А доктор Требуко тоже пытался помочь и сам привёз меня к его знакомому ортопеду. Опять были обещания, и опять — нулевой результат. Я убеждался, что таким путём получить работу не смогу.
Но мне всё мерещился тот офис. И я думал: ведь Требуко тоже начинал здесь без поддержки. И как-то раз я сказал Ирине:
— Знаешь, по-моему, американцы не проявляют ко мне внимания не потому, что они не гуманны вообще. Нет, наверное, истина в другом: в этой стране быть иммигрантом — это самое обычное дело. Все они потомки иммигрантов и знают, что начинать жизнь сначала — тяжело. Однако все добивались своего. Просто это Америка.
В Нью-Йорке по всему городу разбросано много мусора, и больше всего это газеты. Они заполняют собой мусорные корзины на углах улиц, они валяются, их гонит вдоль улиц сильный океанский ветер, они лежат, уже прочтённые и брошенные, на сиденьях и под сиденьями в вагонах метро, они — повсюду.
В Нью-Йорке выпускаются десятки газет на многих языках — английском, испанском, китайском, итальянском, французском, русском, иврите… Многие выходят двумя ежедневными изданиями — утренним и вечерним.

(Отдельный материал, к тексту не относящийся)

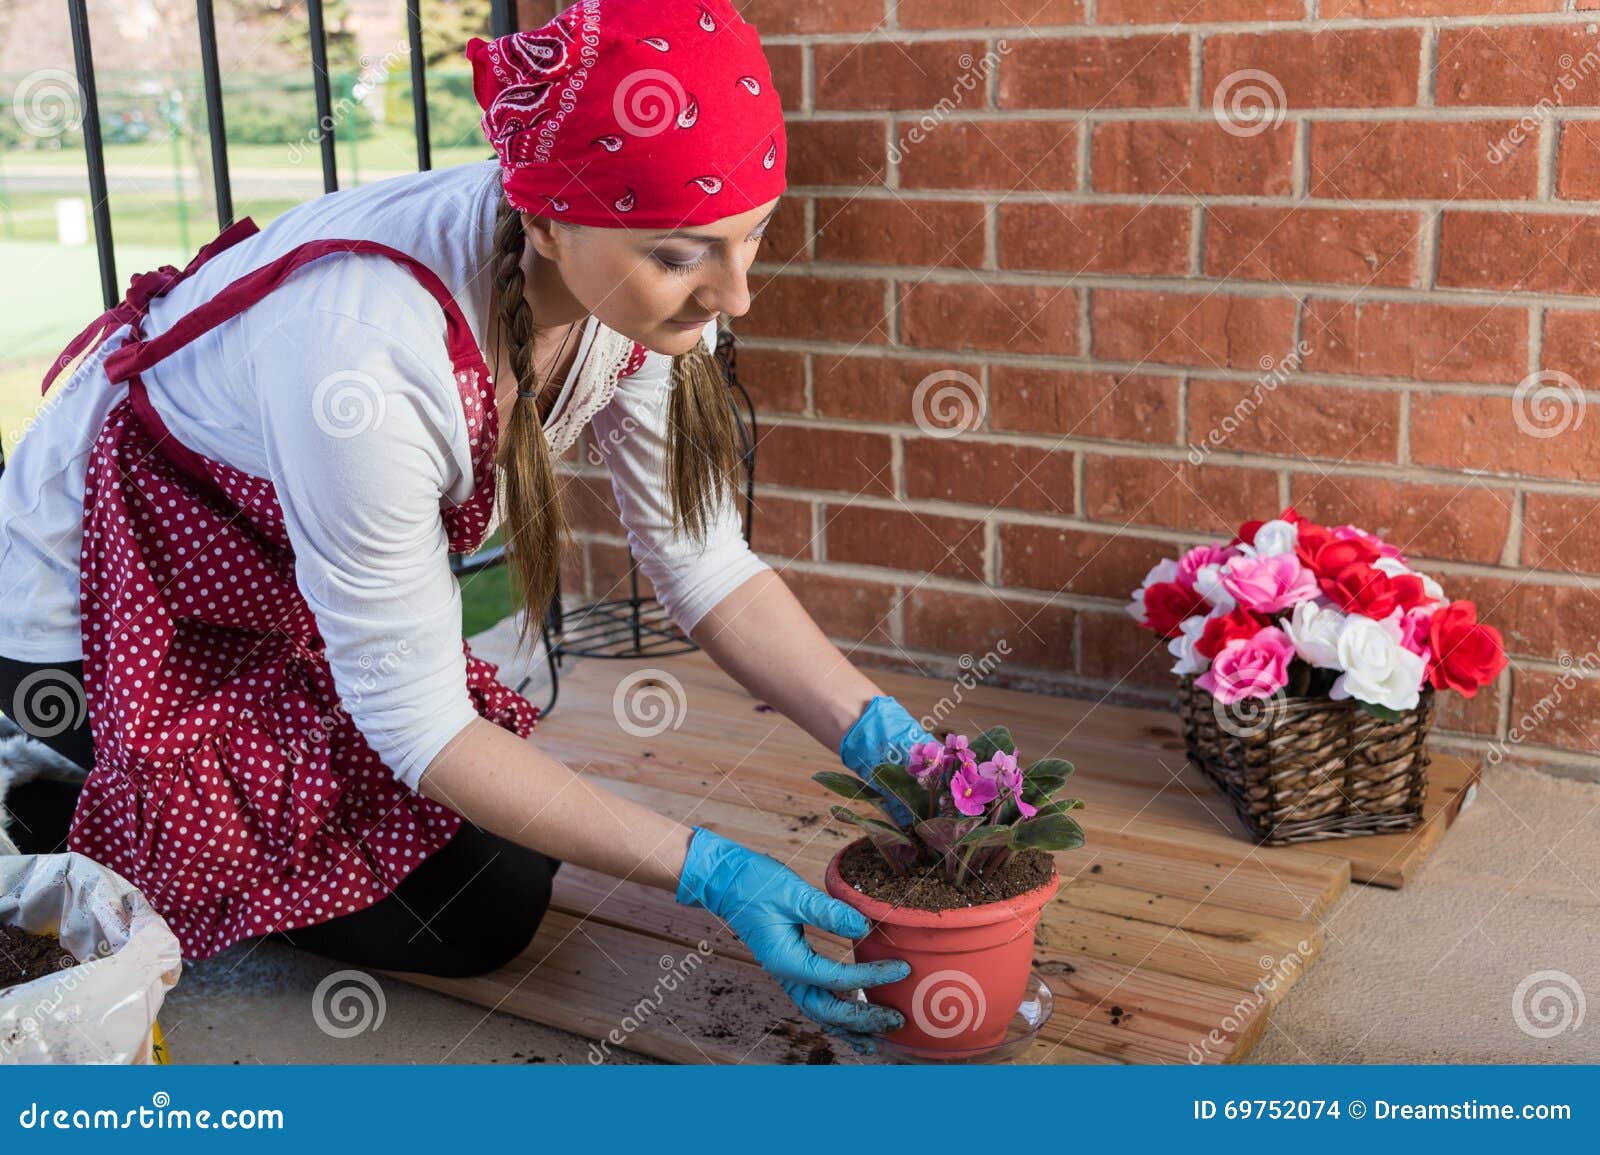 Волонтеры цветы. Девушка пересаживает цветы. Волонтера цветок. Девочек сажают на тёплый горшок профилактика. Девочка пересаживает цветок на газете.

Есть газеты большие и серьёзные — для интеллектуалов и профессионалов; есть газеты в полразмера с сенсационными новостями и иллюстрированные разного рода картинками; есть специальные газеты-сплетницы про знаменитостей; спортивные газеты и масса местных газет и тонких журналов по районам города.
Большинство людей покупают, просматривают и вскоре бросают или оставляют эти газеты на месте, где закончили читать, — в транспорте, в кафе и ресторанах, на бульварах и в скверах. Если представить, что не менее трёх-четырёх миллионов людей ежедневно просматривают по 40–50 страниц газет, то легко понять, откуда в Нью-Йорке берётся газетный мусор.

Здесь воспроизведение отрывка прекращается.